Part Three returns to Nina’s trip to Italy where she sees an art exhibit of dissected female sculptures. A break narrative section tells the story of Saint Agatha which parallels the earlier break narrative story of Philomena. The next section is a flashback to when Nina and Louise are twelve-years old. Louise’s older brother regularly makes rude or sexuality explicit comments about the girls and their bodies. One morning after a sleepover while Louise is still in bed, Nina hangs out with her brother and his friend. Through them, she first hears about Wishbone Dolls which are made, and can even be custom ordered, as sex toys. A break narrative section describes a broken doll woman who arrived in a box and must be repaired by a craftsman.

In Part Four, fourteen-year-old Nina and her mother visit one last Italian museum: the Museum of Torture. The next break narrative section depicts a bird-girl who is ashamed of her appearance but who begins to pluck out her feathers and uses them to start writing.

In the present-day narrative, Nina drives to Apollonia’s house where her birthday party is taking place. She waits until the party breaks up and Seth leaves. She follows him home. In front of his house, he explains that he broke up with her because he could no longer keep ignoring what she did to Appolonia the previous year.

Nina returns to the shelter for an extra volunteer shift. She breaks down in tears and allows her supervisor, Ruth, to comfort her. They begin discussing the idea of unconditional love and Ruth cautions against that kind of one-sided, servile devotion. In a break narrative, Nina asks what would happen if women choose not to be beautiful and servile. She wonders who they would be, when freed of conditions.

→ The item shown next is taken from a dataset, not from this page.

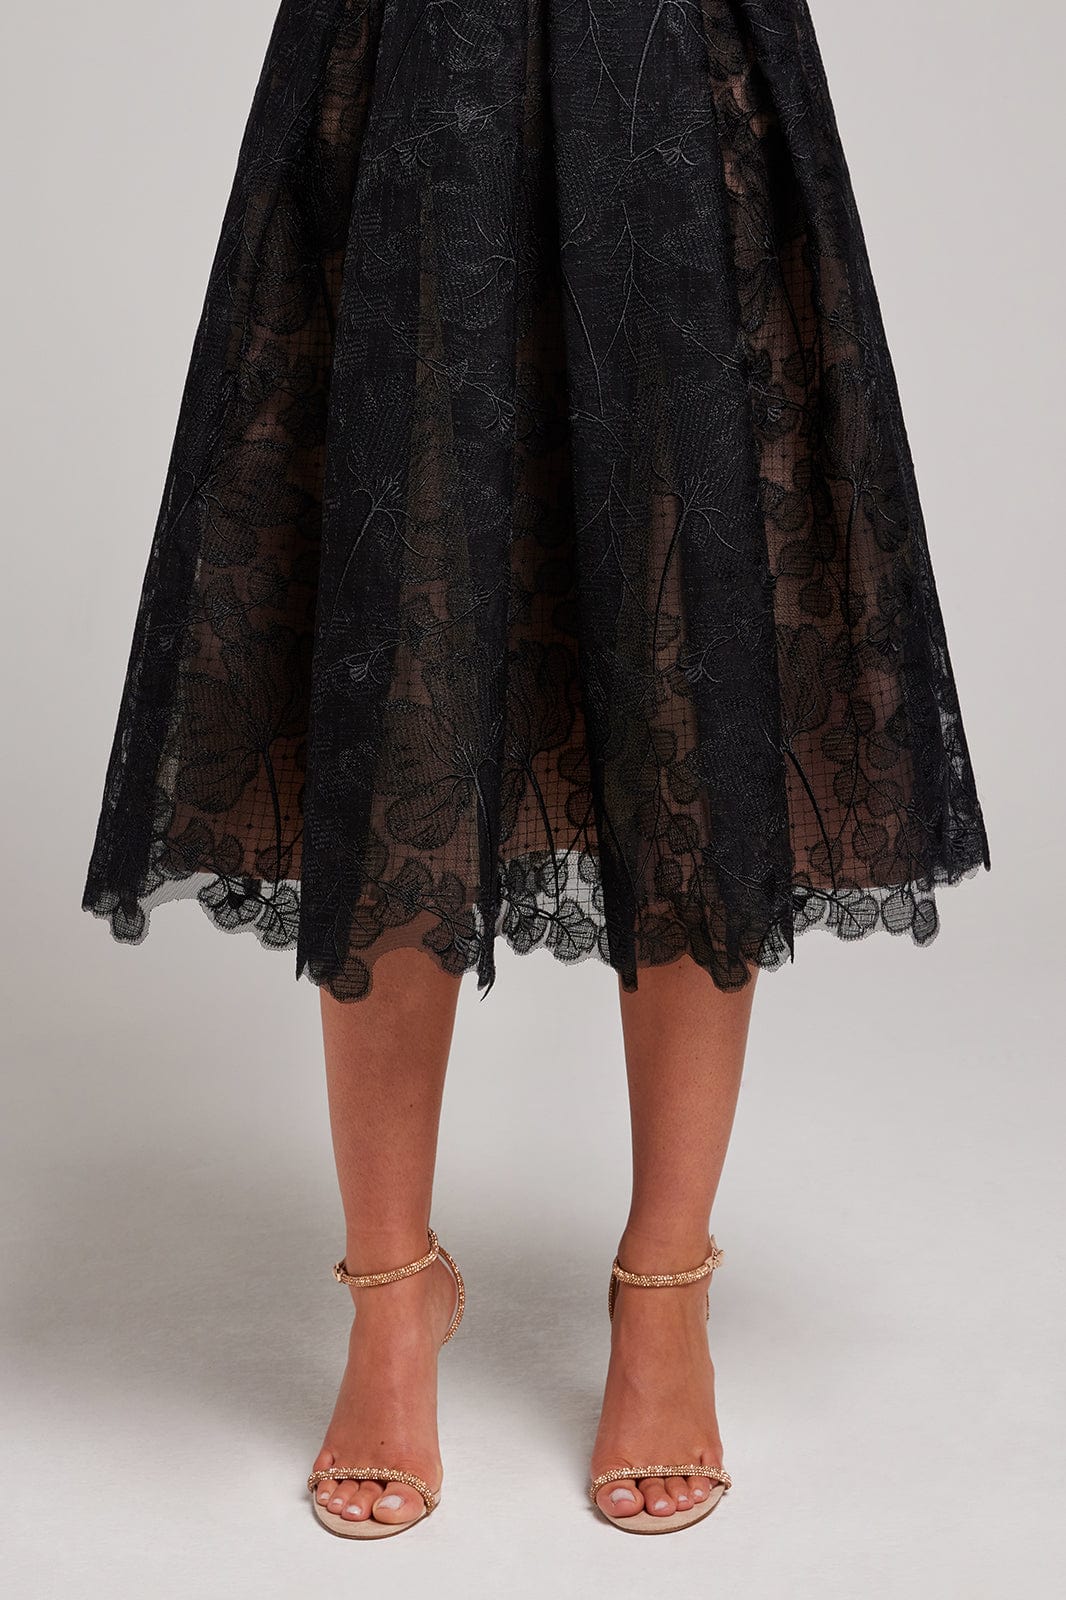 Olivia Black Dress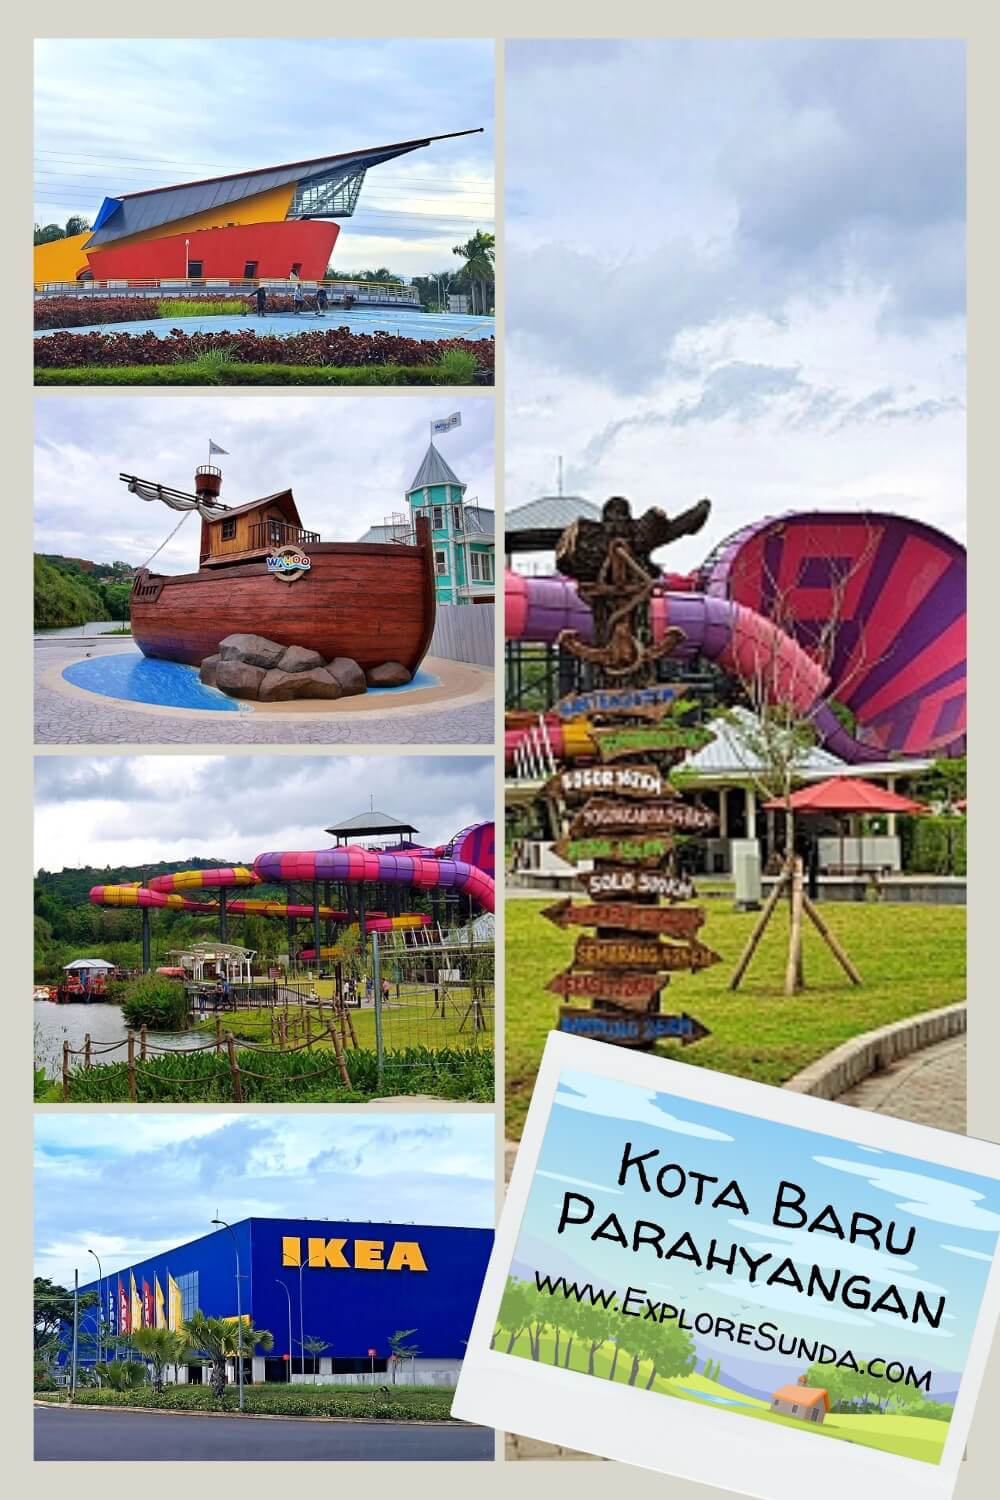 Things to do in Kota Baru Parahyangan, Bandung: from learning science in Puspa Iptek Sundial to go water-sliding in Wahoo Waterworld and relaxing in Tepi Danau.

Back at school on Monday, Nina runs into Apollonia in the washroom and apologizes. She is not forgiven, but Apollonia accepts the packet of Nina’s stories that she offers her. At home, Nina’s mother denies ever having told her that there is no such thing as unconditional love.

Nina goes to visit Bekah who tells her that there are more important things in life, like service. Bekah advocates doing good, instead of waiting around for someone else to make you feel good. Nina reflects on the possible ways she could be of service. A few days later, Nina packs her own supplies and goes for a hike alone. She is self-sufficient, she knows she is more than any of her parts, and she is determined to be more than her mother’s daughter.

The Author’s Note at the end of the book explains some of the writer’s motivation for telling this story and offers additional takeaways for readers, particularly young women.